Melihat 1 tulisan (dari total 1)
  • Penulis
    Tulisan-tulisan
  • #8264
    arthurcarl74
    Peserta

    berbagai inovasi digital yang hadir di era industri 4.0, seperti internet of things (IoT), big data analytics, location detection technologies, 3D printing, smart sensor, serta multilevel customer interaction, diprediksi akan membentuk tren otomatisasi pada global kerja.

    Hal tadi dikatakan Dosen Fakultas Ilmu Sosial serta Politik Universitas Gadjah Mada (Fisipol UGM) Bevaola Kusumasari saat menjadi pembicara dalam webinar bertajuk “Tren Pekerjaan di Era Digital”, Senin (19/7/02021).

    Menyambut perubahan tersebut, Bevaola mengajak setiap warga untuk pandai serta jeli dalam memanfaatkan teknologi digital buat menangkap peluang usaha baru.

    pada sisi lain, Direktur sentra Studi Kebijakan serta Manajemen Publik Universitas Katolik Parahyangan Tutik Rachmawati yg juga sebagai narasumber webinar menambahkan, terdapat baiknya pegiat teknologi berfokus pada pengembangan artificial intelligence (AI) atau kecerdasan buatan.

    Pasalnya, istilah Tutik, AI diprediksi akan menggantikan pekerja yang membutuhkan intuisi, mirip chef, psikolog, bankir, serta advokat, pada 2050.

    “(menggunakan begitu), jenis pekerjaan baru (akan muncul) pada masa depan, seperti data analyst, product designers and creators of commercial content health care asistant, digital security guard, hingga robot maintenance,” terangnya pada rilis yg diterima Kompas.com, Rabu (21/7/2021).

    Selain dua nama di atas, webinar tadi pula dihadiri sejumlah narasumber ahli berasal berbagai kalangan, mirip dosen Magister Ilmu hukum Universitas Ngurah Rai Putu Eka Trisna Dewi, serta comic artist sekaligus ilustrator Muhammad Iqbal.

    Perkembangan teknologi lahirkan profesi kreator konten

    Selain membentuk otomatisasi, perkembangan teknologi digital jua melahirkan profesi kreator konten pada berbagai platform media umum.

    Iqbal mengatakan, media sosial tiket masuk dufan ketika ini tidak sekadar wadah buat mengunggah foto atau video pribadi. Platform tersebut bisa menjadi media buat menyimpan portofolio profesional.

    “global kerja terimbas pandemi dan terjadi pengungsian digital. kini , media umum jua dapat digunakan menjadi platform profesional, seperti Myspace.

    Selain itu, Iqbal melihat bahwa pergeseran digital yang terjadi selama pandemi memicu peningkatan jumlah pekerja lepas. Hal ini terbukti asal munculnya banyak sekali platform freelancer. Sebut saja Fiver, Flexjobs, serta Dribble.

    Bagi pengguna media sosial yang tertarik menjadi kreator konten, Iqbal menyarankan agar membuat perencanaan terlebih dahulu.

    “dalam mengelola media sosial, pengguna perlu merencanakan seberapa seringkali menghasilkan postingan. lalu, prioritaskan di muatan (isi konten), bukan sekadar tampilan. Komunikasi (atau buat caption) yg lebih manusiawi,” jelasnya.

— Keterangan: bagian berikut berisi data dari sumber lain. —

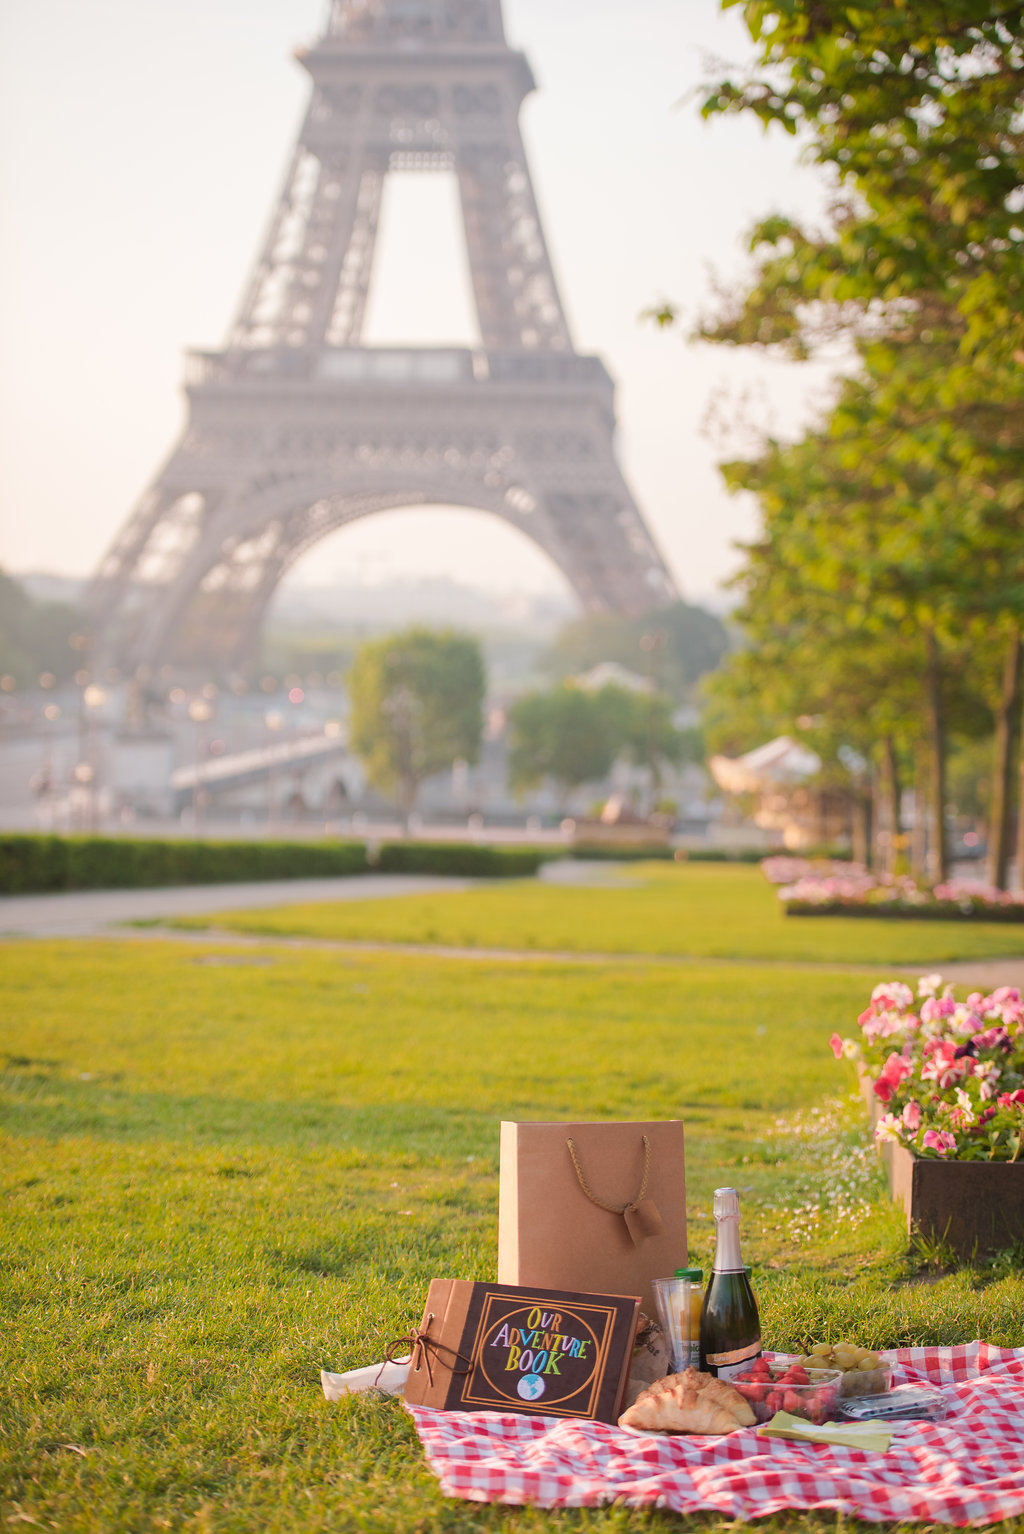 Sunrise Trocadero Proposal & Picnic! - Pictours™ Paris Photography

    Terkait hal tersebut, Bevaola kembali mengatakan, penguasaan teknologi digital ditambah aspek kreativitas merupaka kunci sukses untuk menjadi konten kreator. Menurutnya, konten digital harus memenuhi aspek inspiratif, edukatif, serta informatif, dan menghibur.

    “Para pelaku industri maupun generasi muda perlu memperluas wawasan serta mengasah keterampilan sebagai akibatnya dapat membuat konten yang indah, menarik dan memiliki nilai jual,” terangnya.

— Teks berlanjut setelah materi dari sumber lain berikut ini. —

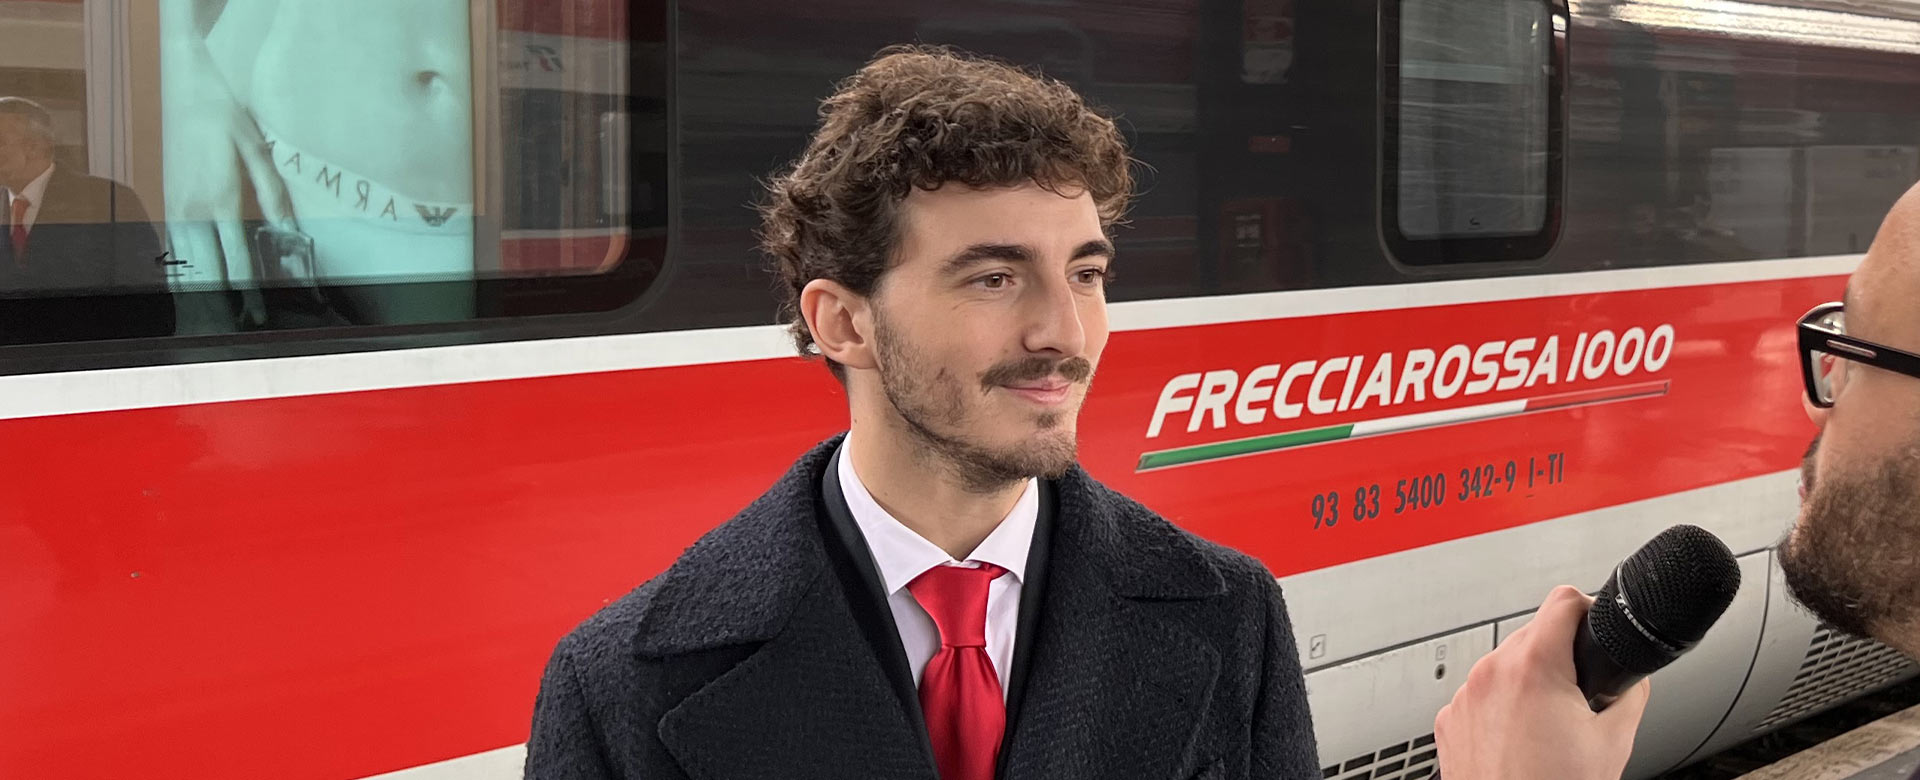 Pecco Bagnaia intervistato da FSNews dopo il viaggio sul Frecciarossa per l'incontro con Sergio Mattarella al Quirinale

    menjadi isu, webinar bertajuk “Tren Pekerjaan di Era Digital” artinya galat satu rangkaian webinar Indonesia #MakinCakapDigital yang digelar Kementerian Komunikasi serta gosip (Kemenkominfo) beserta Japelidi, dan Siberkreasi Gerakan Nasional Literasi Digital.

    acara yang terselenggara pada Tangerang, Banten itu adalah upaya Kemenkominfo pada menyosialisasikan Seri Modul Literasi Digital, bagian dari acara Literasi Digital Nasional yg diinisiasi pemerintah.

    Adapun acara Literasi Digital Nasional bertujuan memperkuat kecakapan rakyat pada menggunakan teknologi serta media digital secara komprehensif.

    ada empat tema besar yg dibahas dalam Seri Modul Literasi Digital, yaitu Cakap Bermedia Digital, Budaya Bermedia Digital, Etis Bermedia Digital, dan safety Bermedia Digital.

    Webinar Indonesia #MakinCakapDigital mempunyai sasaran 12,lima juta partisipan. karena itu, Kemenkominfo mengharapkan keikutsertaan semua elemen masyarakat agar literasi digital bisa terwujud di Indonesia.

Melihat 1 tulisan (dari total 1)
  • Anda harus log masuk untuk membalas topik ini.